LI E GOSTEI: O UNIVERSO, OS DEUSES, OS HOMENS

A MITOLOGIA E EUCAPA-O-UNIVERSO-OS-DEUSES-OS-HOMENS

No início da década de setenta, a Editora Abril lançou uma coleção em fascículos semanais que viriam a compor três volumes: Mitologia.
Naquela época, nos meus vinte e cinco anos, solteiro, nas manhãs de domingo eu ia até a Agência São Paulo para adquirir, ler e me deliciar, gota a gota, com o néctar da cultura Greco-latina: um momento de me alimentar espiritualmente de uma ambrosia cultural.
Esse material — um patrimônio mítico-poético da cultura Greco-romana, que tanto influiu e vem influindo na literatura, filosofia, escultura, teatro, pintura e cinema — foi o primeiro contato que tive com os mitos gregos: e fiquei encantado.
Agora, já sexagenário, acabo de ler O Universo, os deuses, os homens,
de Jean-Pierre Vernant, um livro que nos permite penetrar nas histórias que Platão chamava de “fábulas de ama de leite”, no qual o autor combinou a filosofia com estudos de história, antropologia e lingüística e, com esse enfoque multidisciplinar dos mitos, promoveu uma renovação profunda no modo de interpretar a Grécia antiga.
É muito interessante, por exemplo, um detalhe significativo do mito de Prometeu: “ Há o tempo dos deuses, a eternidade em que nada acontece, tudo está lá, nada desaparece. Há o tempo dos homens, que é linear, sempre no mesmo sentido, pois o homem nasce, cresce, torna-se adulto, envelhece e morre. Há por fim, um terceiro tempo, apresentado pelo episódio do fígado de Prometeu. É um tempo circular ou em zigue-zague. Indica uma existência semelhante à da lua, por exemplo, que cresce, morre e renasce, indefinidamente. Esse tempo prometeico lembra o movimento dos astros, isto é, esses movimentos circulares que se inscrevem no tempo, que por seu intermédio permitem medir o tempo. Não é a eternidade dos deuses, não é tampouco o tempo terrestre, o tempo mortal, que segue sempre na mesma direção.
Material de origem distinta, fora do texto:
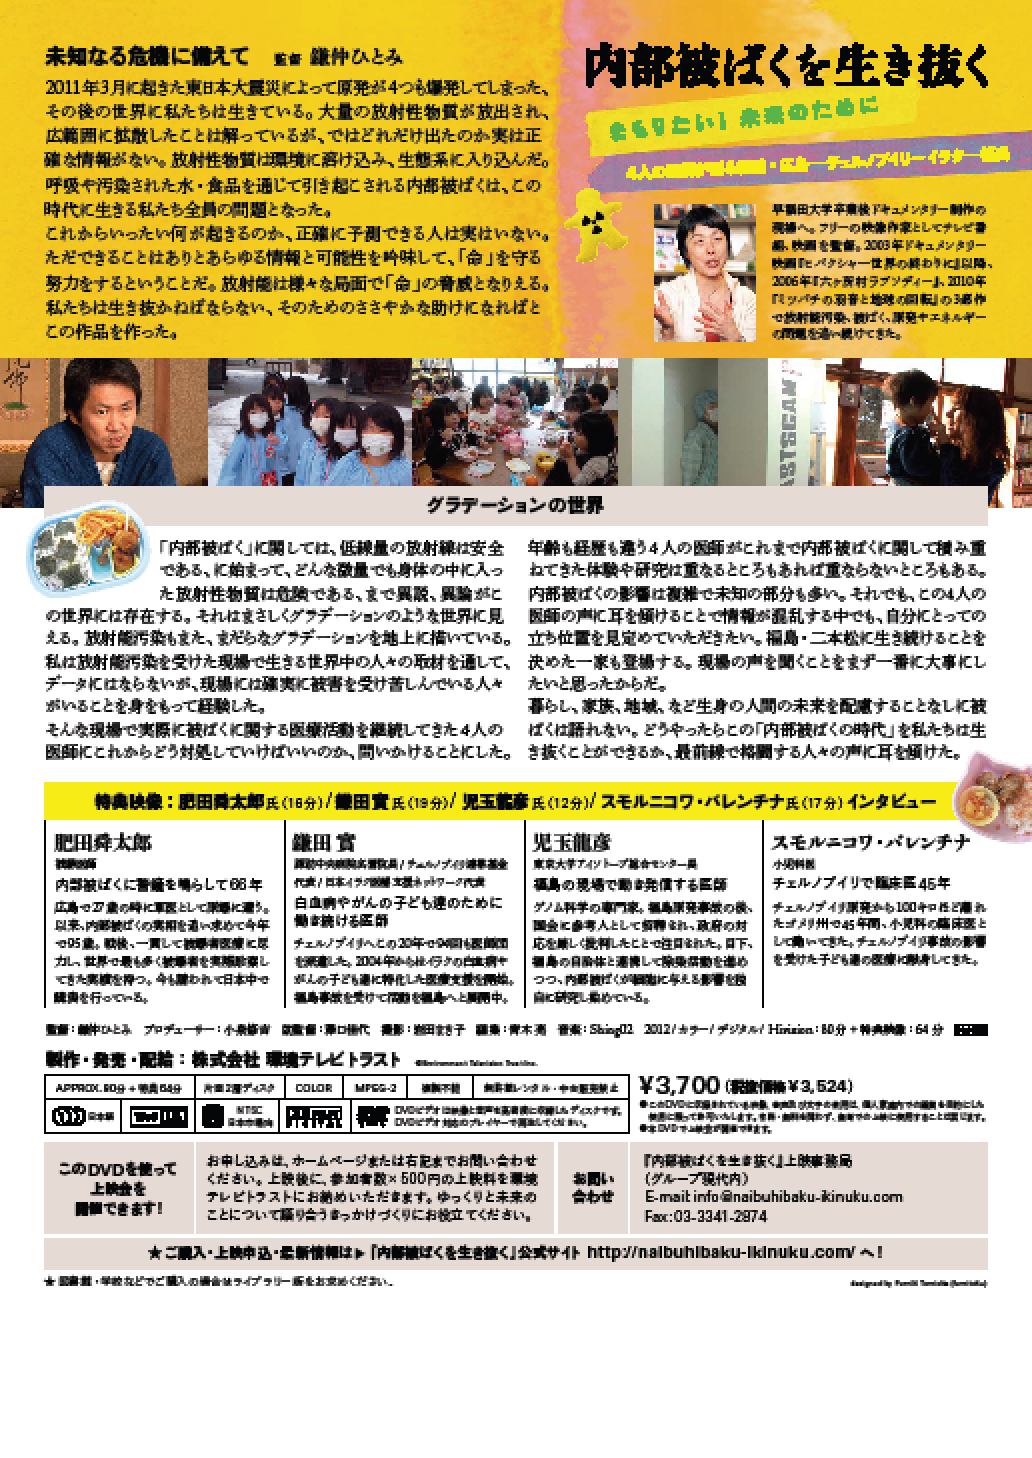 【ご案内】10月20日-21日京都市民測定所まつりを開催します。みんなきてね。_c0233009_10461030.png

É um tempo do qual os filósofos poderão dizer que é a imagem móvel da eternidade imóvel”.
Pensei nos ciclos da reencarnação.
Também achei interessante a conclusão do autor com relação ao enigma da Esfinge que Édipo decifrou: “Quando estamos na fase dos dois pés somos alguém cujo prestígio e força se impõem mas, desde que entramos na velhice (fase dos três pés) , deixamos de ser o homem da façanha guerreira, tornamo-nos, na melhor das hipóteses, o homem da palavra e do conselho sábio, na pior, um detrito lastimável”.
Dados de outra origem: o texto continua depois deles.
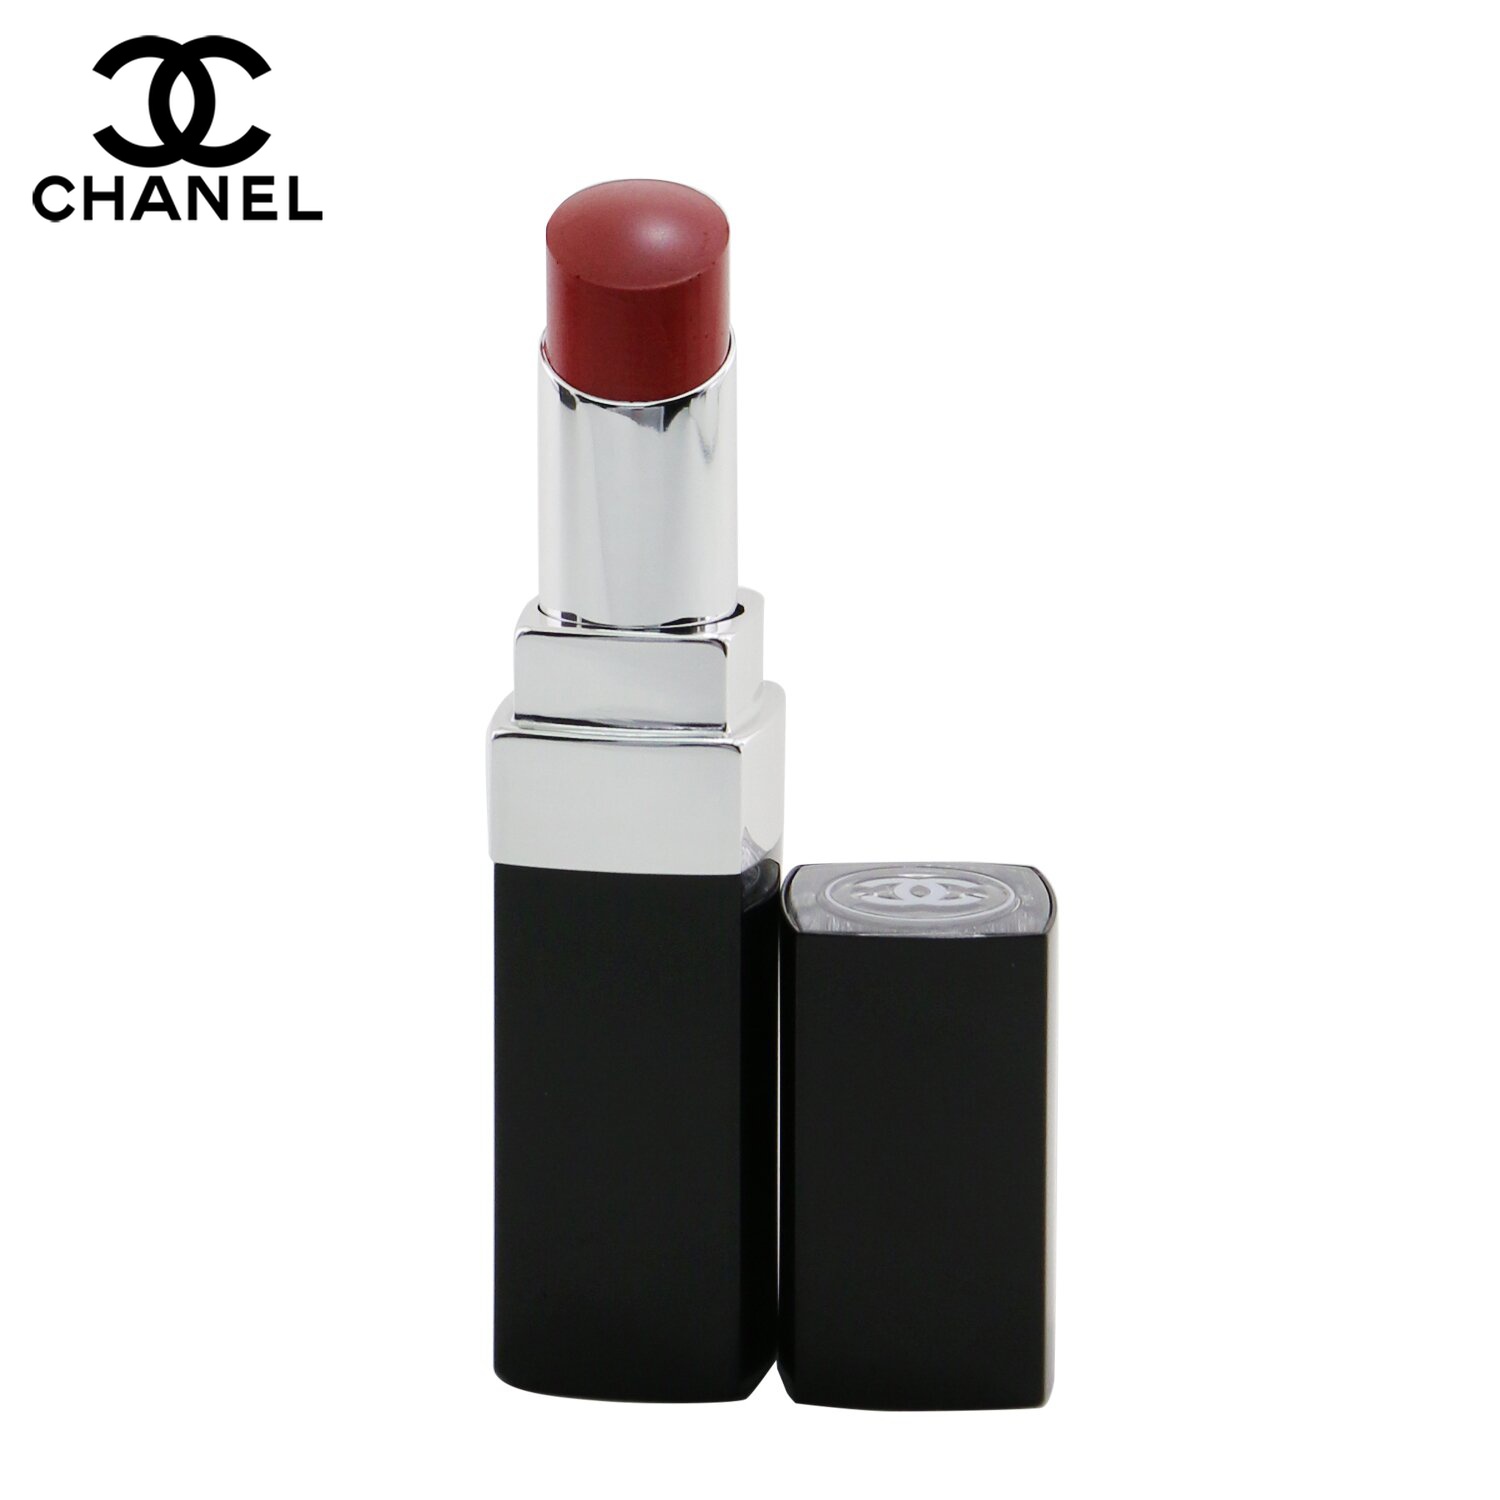 シャネル リップスティック Chanel 口紅 Rouge Coco Bloom Hydrating Plumping Intense Shine Lip Colour 124 Merveille 3g メイクアップ リップ 落ちにくい 誕生日プレゼント ギフト 人気 ブランド コスメ 永遠の定番

Pensei comigo: nos meus sessenta e cinco anos espero um dia não vir a ser um detrito lastimável.
Nesses tempos de insegurança identifiquei-me com Epimeteu: “ Nós, pobres e infelizes mortais, somos sempre, a um só tempo, prometeicos e epimeteicos, previmos, fazemos nossos planos, mas volta e meia as coisas se passam contrariamente às nossas expectativas, surpreendendo-nos e nos deixando indefesos”.
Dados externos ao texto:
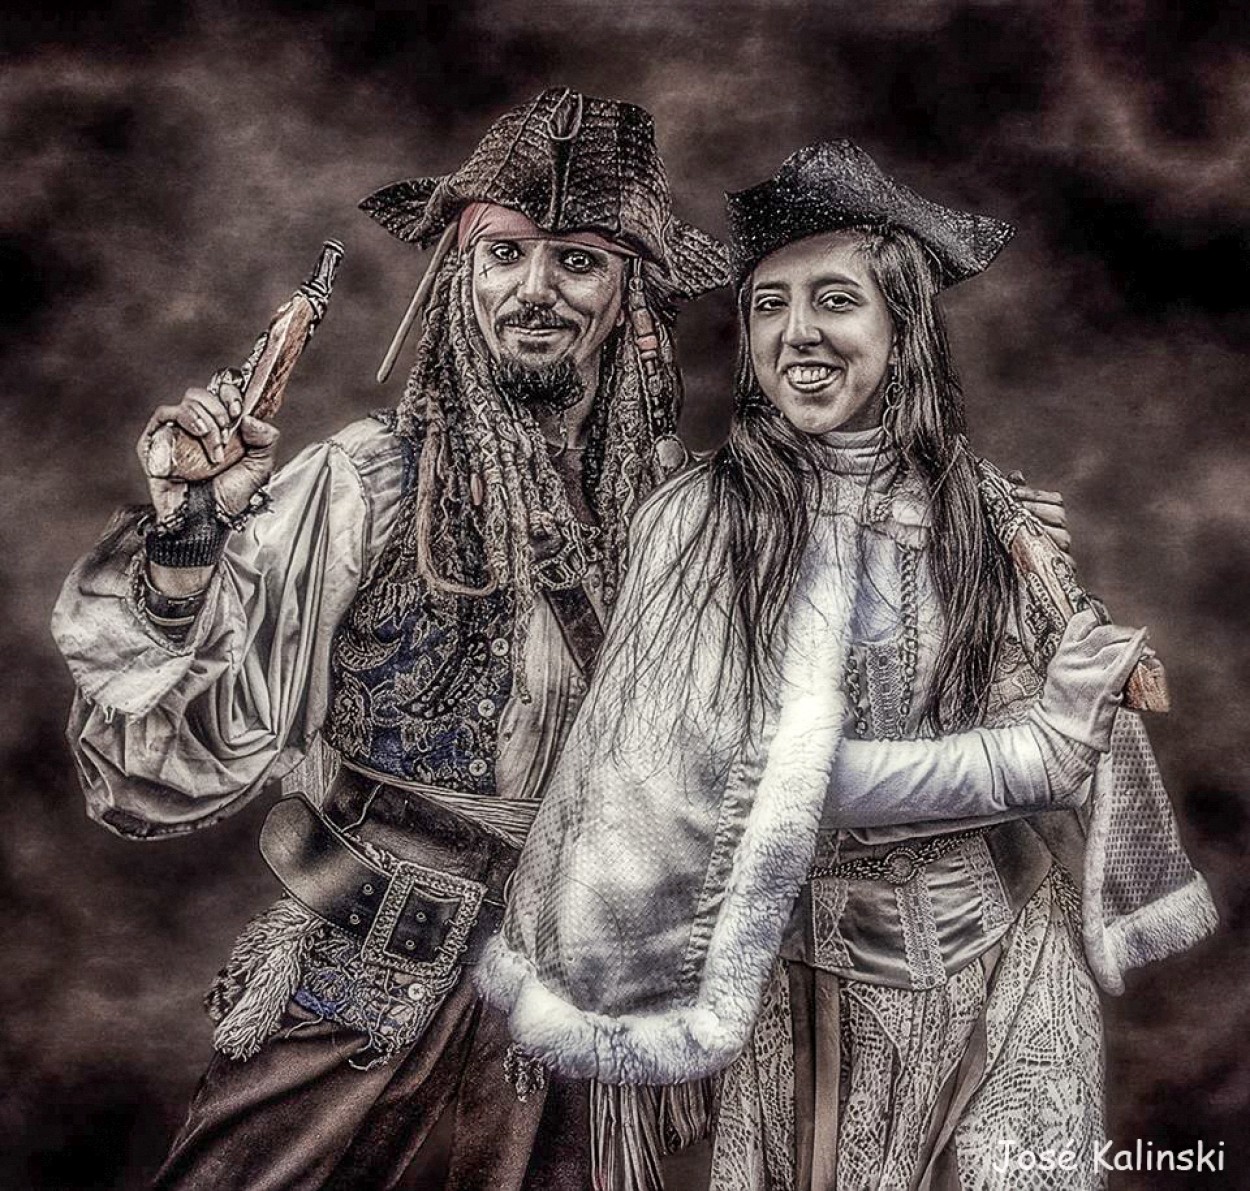 "Los piratas de San Telmo" de Jose Carlos Kalinski

Para finalizar, não pude evitar de ver, na luta entre Zeus e Tífon, uma luta minha, particular: “ A luta de Tífon contra Zeus é a luta do monstro de centenas de olhos flamejantes contra a fulgurância do olhar divino. Evidentemente, é o olho fulminante de Zeus que, graças à luz que projeta, vencerá essas chamas lançadas pelas cem cabeças de serpentes do monstro, Olho por Olho, Zeus é o vencedor. No final, mais uma vez Tífon é derrotado. Os nervos de seus braços e pernas que nele encarnam a força vital no que tem de combativo, são vencidos pelo raio. Ei-lo paralisado, os rochedos caindo em cima de Tífon; ei-lo sendo levado de volta ao Tártaro nebuloso, onde se encontram suas origens”.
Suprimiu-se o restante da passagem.